Although insufficient improvement of sensory disorder of the plantar area was observed, patients with DTs showed almost equivalent postoperative outcomes compared with patients without DTs.
在脊柱手术中,意外的硬脑膜撕裂(DTs)很常见。一些作者报告称,DTs 患者在腰椎手术后的结果与无 DTs 患者相当,但这仍不确定。
评估意外 DTs 对术后患者报告结果的影响。
研究设计/设置:多中心回顾性观察性研究。
我们在 2017 年 4 月至 2018 年 11 月期间在八家医院招募了接受腰椎手术的患者。
我们收集了患者背景、手术因素、术中意外 DTs 的发生、术后并发症、患者报告的结果(如腰痛、臀部、腿部或足底区域的疼痛或感觉异常)、EuroQol 5 维度(EQ-5D)、Oswestry 残疾指数(ODI)评分和术后满意度。
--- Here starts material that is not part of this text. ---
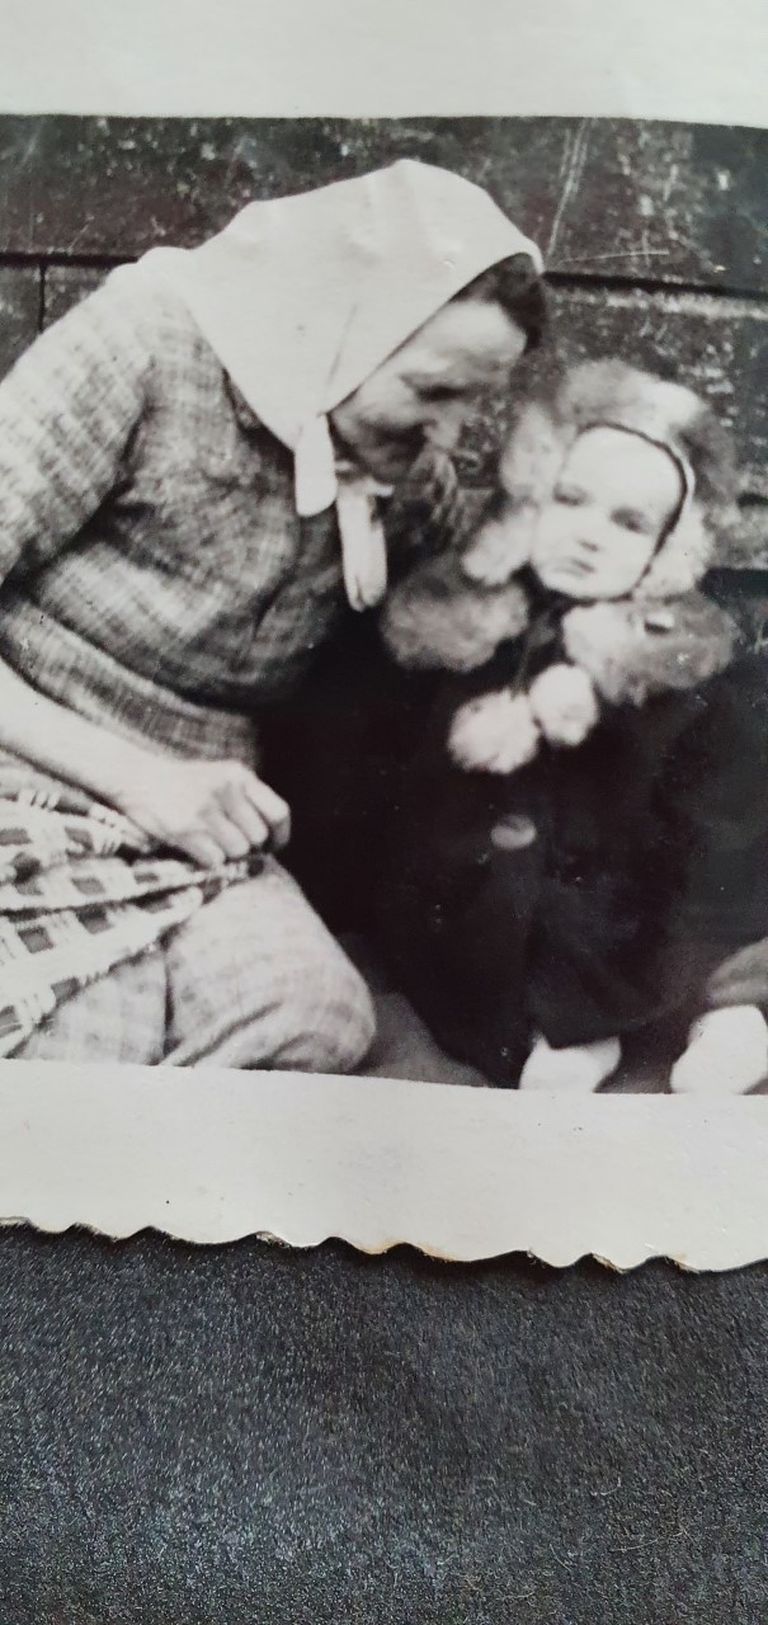 MammaMamma Liine koos Kasahstani vangilaagrist koju toodud tütretütar Ruthiga (minu vanaema) 1950

我们将患者分为 DT-组(无 DTs)和 DT+组(有 DTs)。首先,进行多变量逻辑回归分析以揭示 DTs 发生的危险因素。然后,我们使用倾向评分匹配来获得匹配的 DT-组(mDT-组)和匹配的 DT+组(mDT+组)。使用 Student's t 检验比较两组间的连续变量,使用 Pearson's chi-square 检验比较分类变量。
本研究共纳入 2146 例患者。意外 DTs 的患者人数为 166 例(7.7%)。年龄较大、体重指数、后纵韧带/黄韧带骨化、脊柱畸形和翻修手术是 DTs 的显著危险因素。我们使用倾向评分匹配比较了 163 例 DTs 患者和 163 例无 DTs 患者。在 mDT-组和 mDT+组之间,术后腰痛、臀部、腿部和足底区域的疼痛或感觉异常无显著差异。与术前相比,术后疼痛或感觉异常在每组中均有显著改善(所有变量 p<.01),除足底区域感觉障碍外,mDT-组感觉异常有显著改善(p<.01)。尽管观察到一些改善,但 mDT-组(p=.06)和 mDT+组(p=.13)的疼痛以及 mDT+组(p=.13)的感觉异常均无统计学意义。两组术后结局(EQ-5D,p=.44;ODI,p=.89)和术后满意度(p=.73)无显著差异。
尽管观察到足底区域感觉障碍改善不足,但 DTs 患者的术后结果与无 DTs 患者几乎相当。